No-Frills Human-Object Interaction Detection: Factorization, Layout Encodings, and Training Techniques
By Tanmay Gupta, Alexander Schwing, and Derek Hoiem
Content
- Overview
- Requirements
- Setup
- Download the HICO-Det dataset
- Process HICO-Det files
- Run Object Detector (or download the detections we provide)
- Run Human Pose Detector (or download the poses we provide)
- Train HOI classifier
- Evaluate Model
- Pretrained model
Overview
This repository provides code to train and evaluate an HOI Detection model (implemented in Pytorch) that demonstrates strong performance on the challenging HICO-Det benchmark...that too without frills!
Why do we call it a no-frills model?
We make several simplifications over existing approaches while achieving better performance owing to our choice of factorization, direct encoding and scoring of layout, and improved training techniques. Here are the key simplifications:
- Our model encodes appearance only using features extracted by an off-the-shelf object detector (Faster-RCNN pretrained on MS-COCO)
- We only use simple hand coded layout encodings constructed from detected bounding boxes and human pose keypoints (pretrained OpenPose)
- We use a fairly modest network architecture with light-weight multi-layer perceptrons (2-3 fully-connected layers) operating on the appearance and layout features mentioned above
- No Mixture-Density Network [2] or CNN for encoding Interaction Patterns [1]
- No multi-task learning [2]
- No fine-tuning object/pose detector [2]
- No attention mechanisms for modeling context [3]

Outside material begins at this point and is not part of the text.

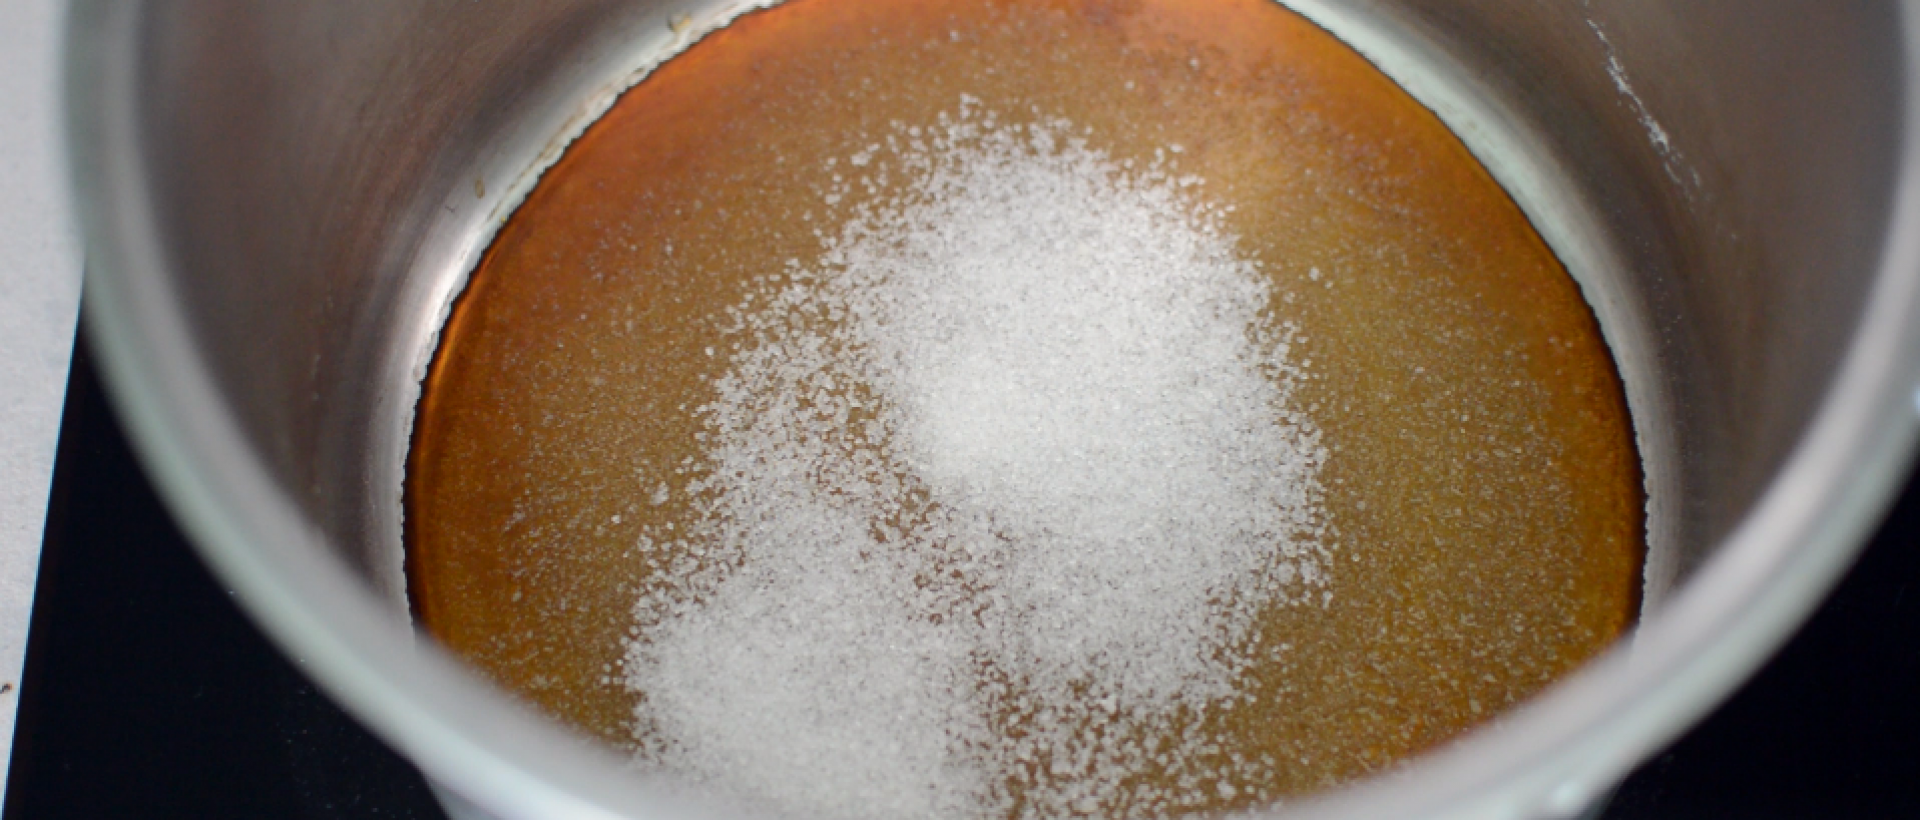 Így kell cukrot karamellizálni

- No message-passing over graphs [4]
Available on Arxiv: https://arxiv.org/abs/1811.05967
BibTex:
@article{gupta2018nofrills,
title={No-Frills Human-Object Interaction Detection: Factorization, Layout Encodings, and Training Techniques},
author={Gupta, Tanmay and Schwing, Alexander and Hoiem, Derek},
journal={arXiv preprint arXiv:1811.05967},
year={2018}
}
References:
[1] Chao, Y., Liu, Y., Liu, X., Zeng, H., & Deng, J. (2018). Learning to Detect Human-Object Interactions. 2018 IEEE Winter Conference on Applications of Computer Vision (WACV), 381-389.

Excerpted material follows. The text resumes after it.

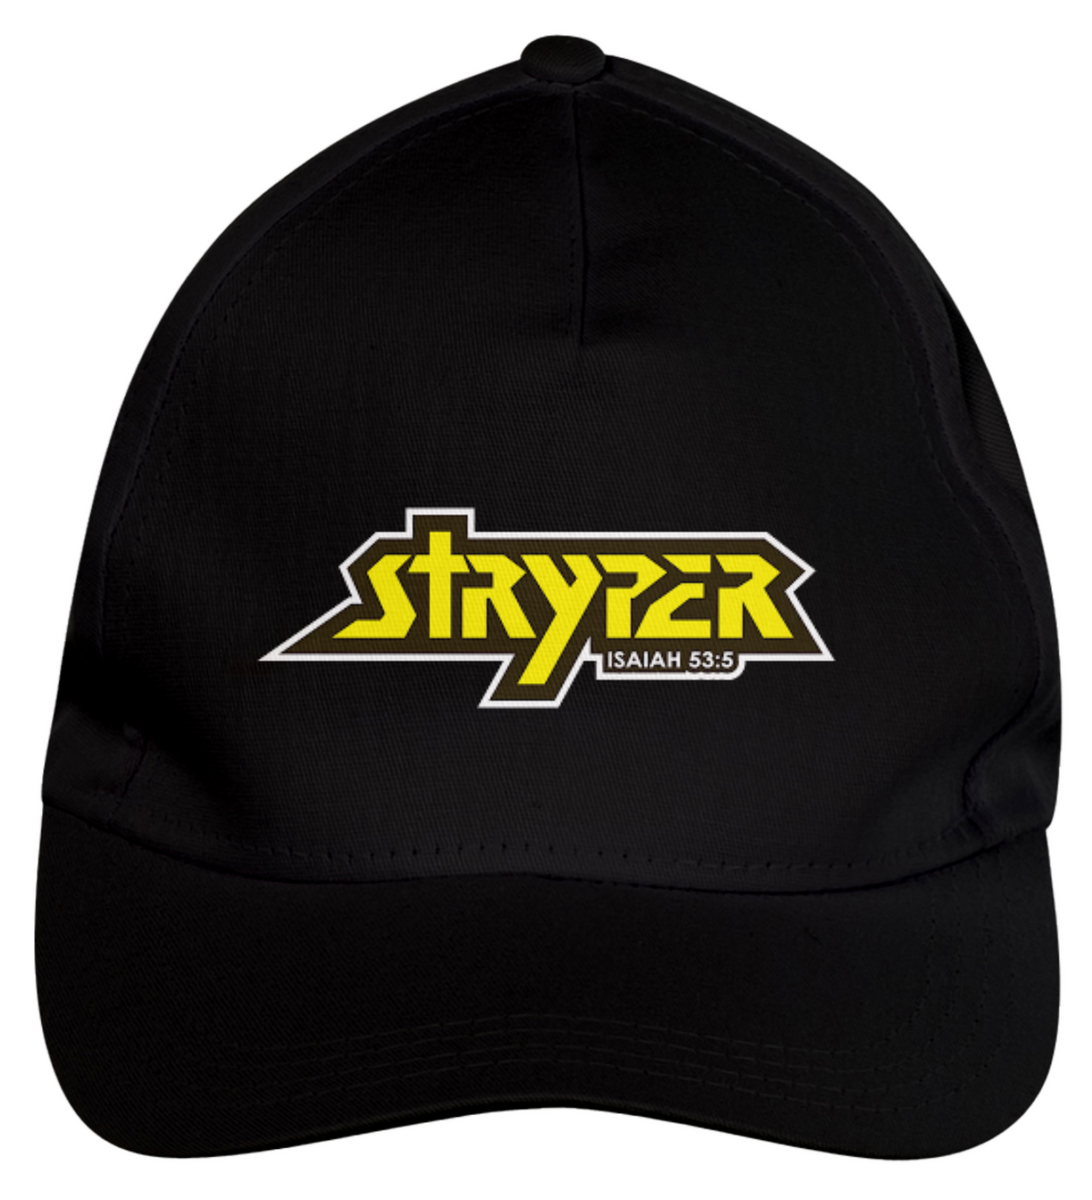 Nome do produto: Stryper

[2] Gkioxari, G., Girshick, R.B., Dollár, P., & He, K. (2018). Detecting and Recognizing Human-Object Interactions. 2018 IEEE/CVF Conference on Computer Vision and Pattern Recognition, 8359-8367.
[3] Gao, C., Zou, Y., & Huang, J. (2018). iCAN: Instance-Centric Attention Network for Human-Object Interaction Detection. BMVC.
[4] Qi, S., Wang, W., Jia, B., Shen, J., & Zhu, S. (2018). Learning Human-Object Interactions by Graph Parsing Neural Networks. ECCV.
Requirements
All dependencies will be installed in a python3 virtual environment.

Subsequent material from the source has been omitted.